В окно постучали сапогом.
Это белка стащила их вещи с веток и накидала вокруг дерева, а сапог притащила, чтоб разбить стекло и внимательнее посмотреть, что там происходит.
Она строила издевательские рожи, прижималась к стеклу мордой, плюща нос, и в ее лапах что-то поблескивало.

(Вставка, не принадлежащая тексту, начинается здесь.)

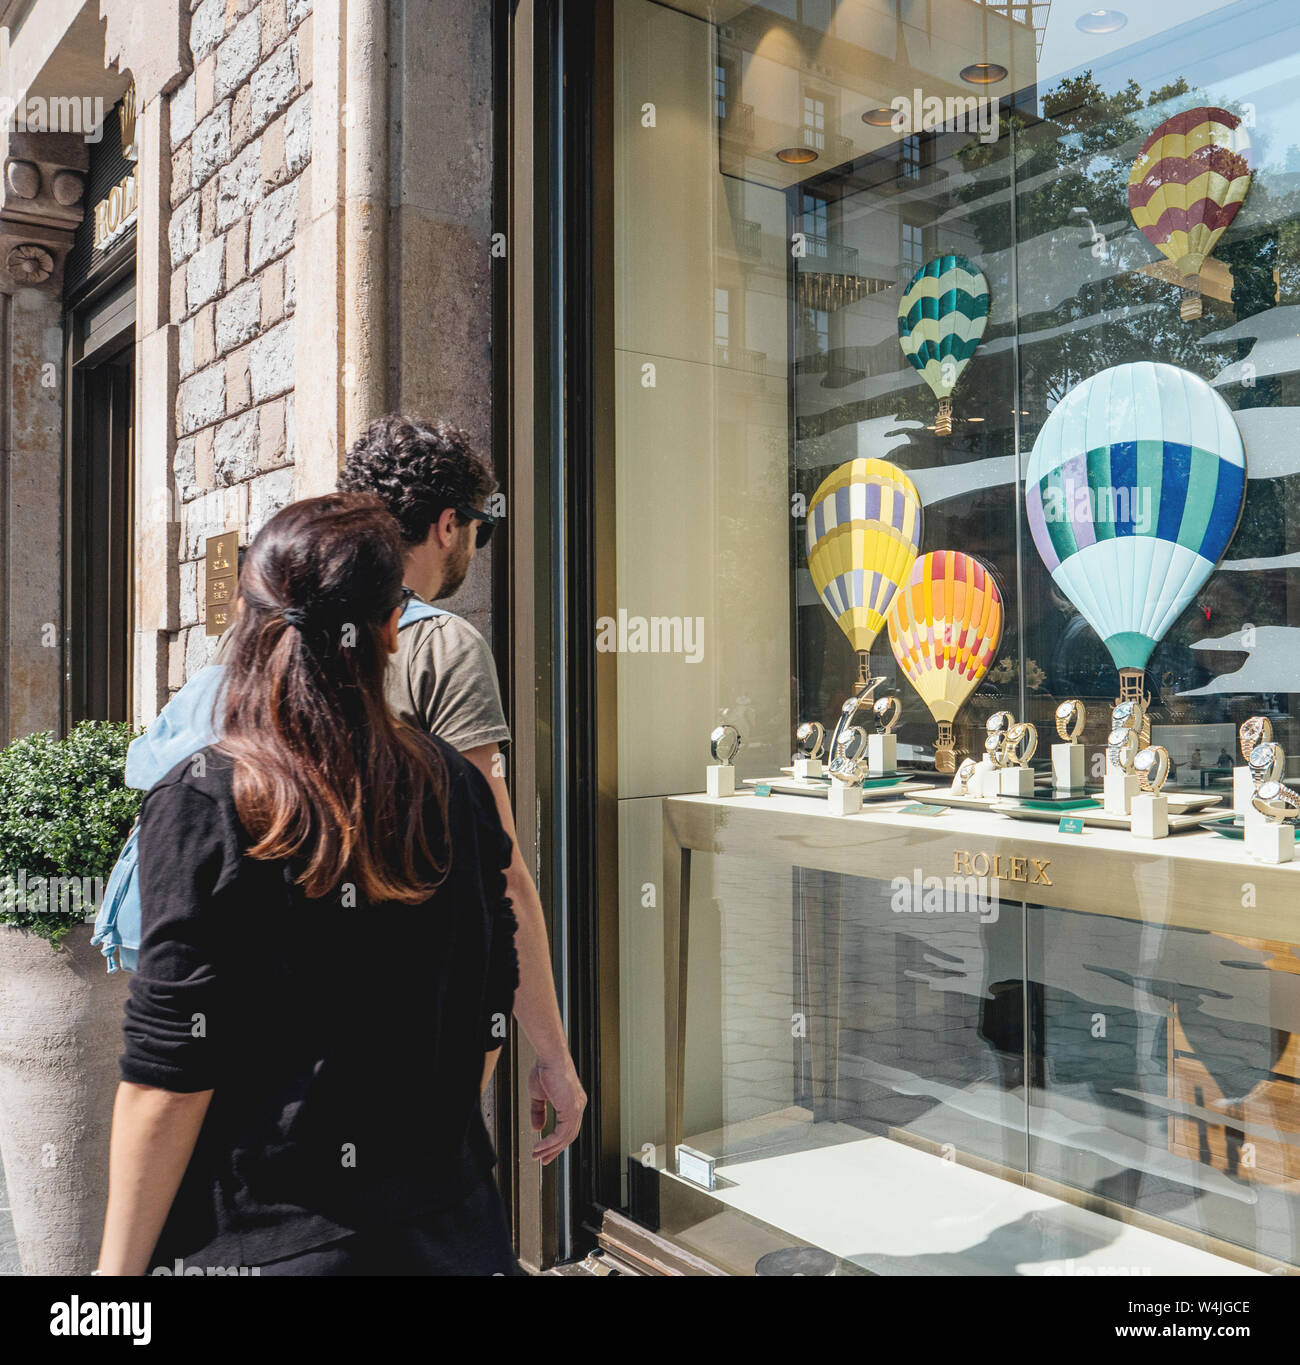 Barcelona, Spanien - Jun 1, 2018: Wohlhabende Paar Einkaufen für Geschenke letzte Sammlung von Luxus handgelenk Schweizer Uhren von Rolex Modell in der offiziellen Store Distributor store Showcase hergestellt Stockfoto

"Золота у меня с собой не было, — мелькнуло в голове у Изабеллы. — Значит, это Люка. Заработанное сперла у него из кармана, шерстяная пройдоха!"
Глава 2. 3
— А фто у меня есть! — шепелявила белка зловеще, словно самое злобное привидение из всех существующих. — Фто я тут вифу!
Кажется, падение причинило неугомонному зверю некий ущерб, вылетел зуб. Впрочем, белка шепелявила и до падения из окна, так что, вероятно, Люк тут был не причем.
— Дамоцка! — шепелявила белка дальше. — Я фифу дамоцку! Ты гля, какая!..
Эти слова белка зловеще шепелявила, покачивая у стекла золотым медальоном, маленьким и простым, висящим на длинной золотой цепочке.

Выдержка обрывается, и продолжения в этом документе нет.